Sudan: Save the Savable | 09.06.2013 · 27:00 min


Sudan one of Africa's biggest countries - formally gained independence from the British in 1956. Independence was quickly overshadowed by constitutional crises between the Islamic Arab regime in the North and the large non-Arab, non-Muslim minority in the South, which resulted in two drawn out civil wars that lasted over 20 years. Refugees fled to the North to escape the atrocities and large refugee camps were rapidly established on the periphery of Khartoum. Displaced persons were accommodated in cardboard, straw and sack housing. With no secure water supply, abysmal hygiene, no adequate food supply, no work, very few gave thought to the luxury of education.
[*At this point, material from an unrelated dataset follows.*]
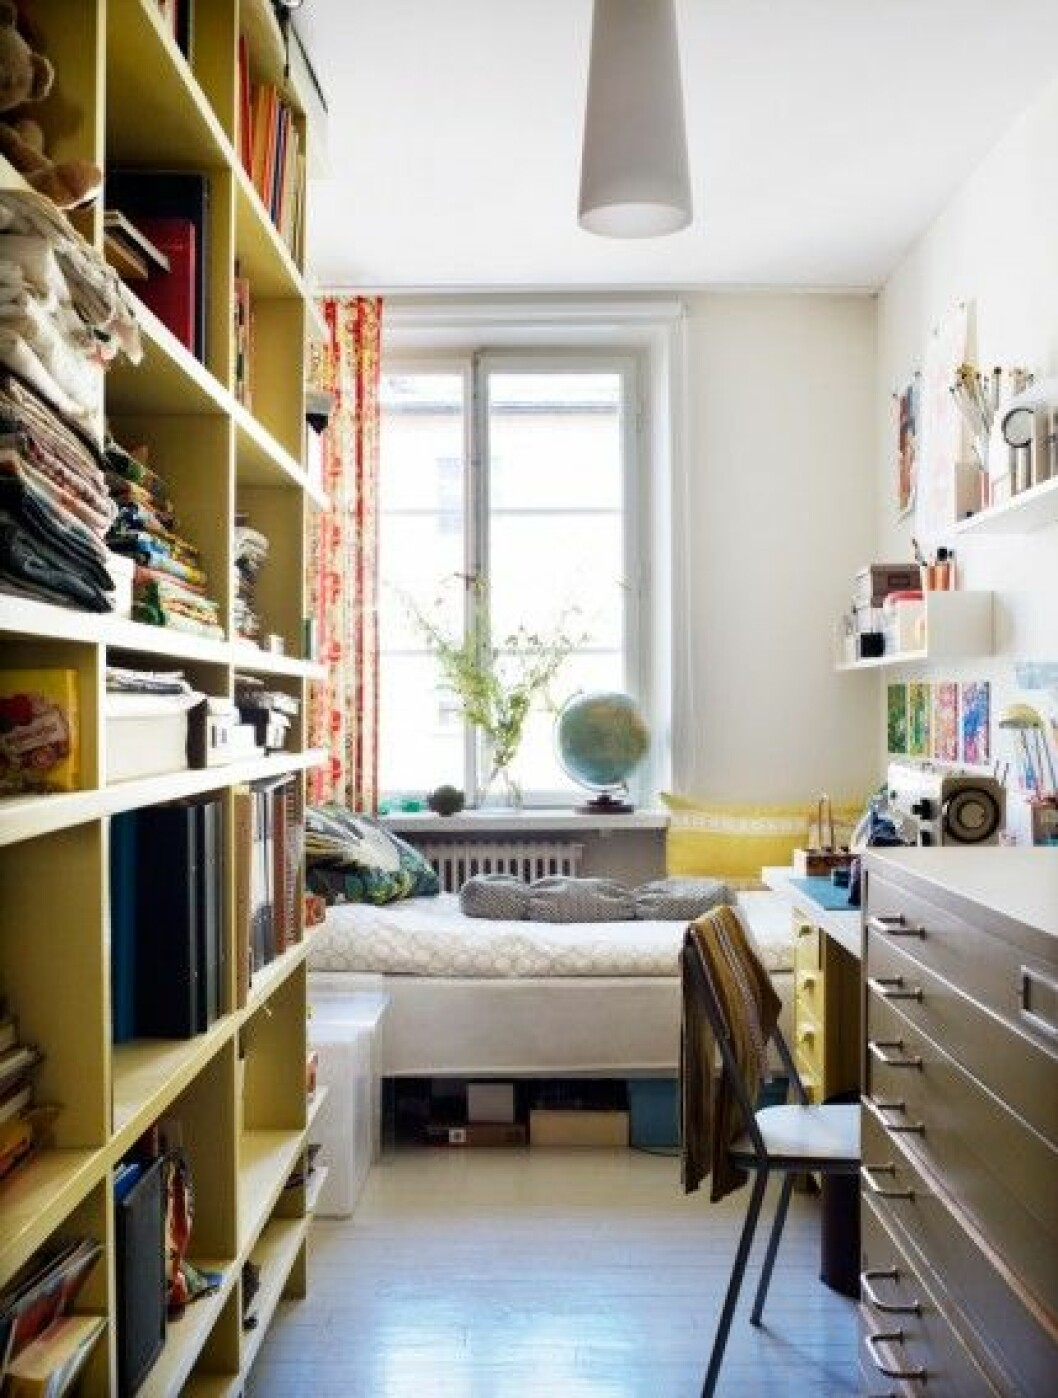 barnrum-bokhylla-skrivbord-inspiration-foto-Patric-Johansson

To provide this necessary education for the hundreds of thousands of refugee children and to prevent the loss of Faith among the present and future generations, the Catholic Church quickly began to organize makeshift schools. The program soon became known as Save the Saveable. The first schools were established on Church grounds, built solely with refugee labor.

Although there are today currently 200 Save the Savable schools in Sudan, including 54 primary schools and 131 nursery schools - and the educational level is such a high standard of teaching that even Muslims enroll their children - the Church faces constant difficulties and the number of children attending is decreasing. The most common reason is that the Church, with the drop in external financial support, is no longer able to afford supporting the poorest 20-25% of students who cannot pay, and the refugee parents take their children out. Schools are now being closed, not by the Muslims authorities, but by a local Church unable to continue to serve.